Basically, Prigogine was addressing the question, Why is there order and structure in the world? Where does it come from?
This turns out to be a much tougher question than it might sound, especially when you consider the world's general tendency toward decay. Iron rusts. Fallen logs rot. Bathwater cools to the temperature of its surroundings. Nature seems to be less interested in creating structures than in tearing structures apart and mixing things up into a kind of average. Indeed, the process of disorder and decay seems inexorable -- so much so that nineteenth-century physicists codified it as the second law of thermodynamics, which can be paraphrased as "You can't unscramble an egg." Left to themselves, says the second law, atoms will mix and randomize themselves as much as possible. That's why iron rusts: atoms in the iron are forever trying to mingle with oxygen in the air to form iron oxide. And that's why bathwater cools: fast-moving molecules on the surface of the water collide with slower-moving molecules in the air, and gradually transfer their energy.
Yet for all of that, we do see plenty of order and structure around. Fallen logs rot -- but trees also grow. So how do you reconcile this growth of structure with the second law of thermodynamics?

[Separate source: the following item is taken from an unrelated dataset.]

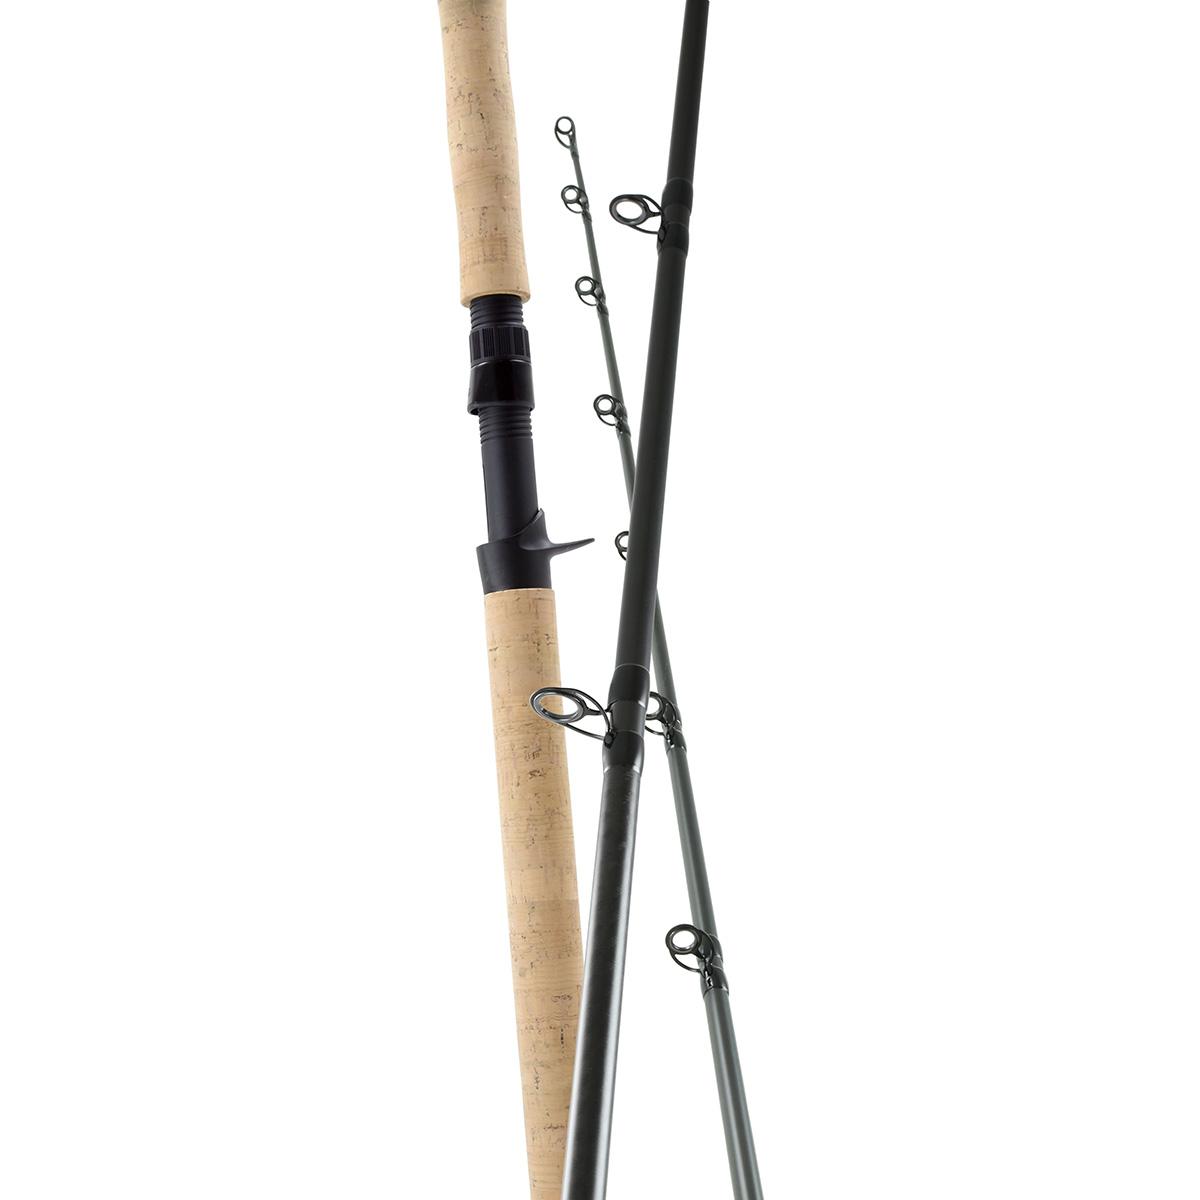 Evx Musky Rod Okuma Fishing Rods And Reels Okuma

The answer, as Prigogine and others realized back in the 1960s, lies in that innocuous-sounding phrase, "Left to themselves..." In the real world, atoms and molecules are almost never left to themselves, not completely; they are almost always exposed to a certain amount of energy and material flowing in from the outside. And if that flow of energy and material is strong enough, then the steady degradation demanded by the second law can be partially reversed. Over a limited region, in fact, a system can spontaneously organize itself into a whole series of complex structures.
The most familiar example is probably a pot of soup sitting on the stovetop. If the gas is off, then nothing happens. Just as the second law predicts, the soup will sit there at room temperature, in equilibrium with its surroundings. If the gas is turned on with a very tiny flame, then still nothing much happens. The system is no longer in equilibrium -- heat energy is rising up through the soup from the bottom of the pot -- but the difference isn't large enough to really disturb anything. But now turn the flame up just a little bit higher, moving the system just a little farther from equilibrium. Suddenly, the increased flux of heat energy turns the soup unstable. Tiny, random motions of the soup molecules no longer average out to zero; some of the motions start to grow. Portions of the fluid begin to rise. Other portions begin to fall. Very quickly, the soup begins to organize its motions on a large scale: looking down on the surface you can see a hexagonal pattern of convection cells, with fluid rising in the middle of each cell and falling along the sides. The soup has acquired order and structure. In a word, it has begun to simmer.
Such self-organizing structures are ubiquitous in nature, said Prigogine. A laser is a self-organizing system in which particles of light, photons, can spontaneously group themselves into a single powerful beam that has every photon moving in lockstep. A hurricane is a self-organizing system powered by the steady stream of energy coming in from the sun, which drives the winds and draws rainwater from the oceans. A living cell -- although much too complicated to analyze mathematically -- is a self-organizing system that survives by taking in energy in the form of food and excreting energy in the form of heat and waste.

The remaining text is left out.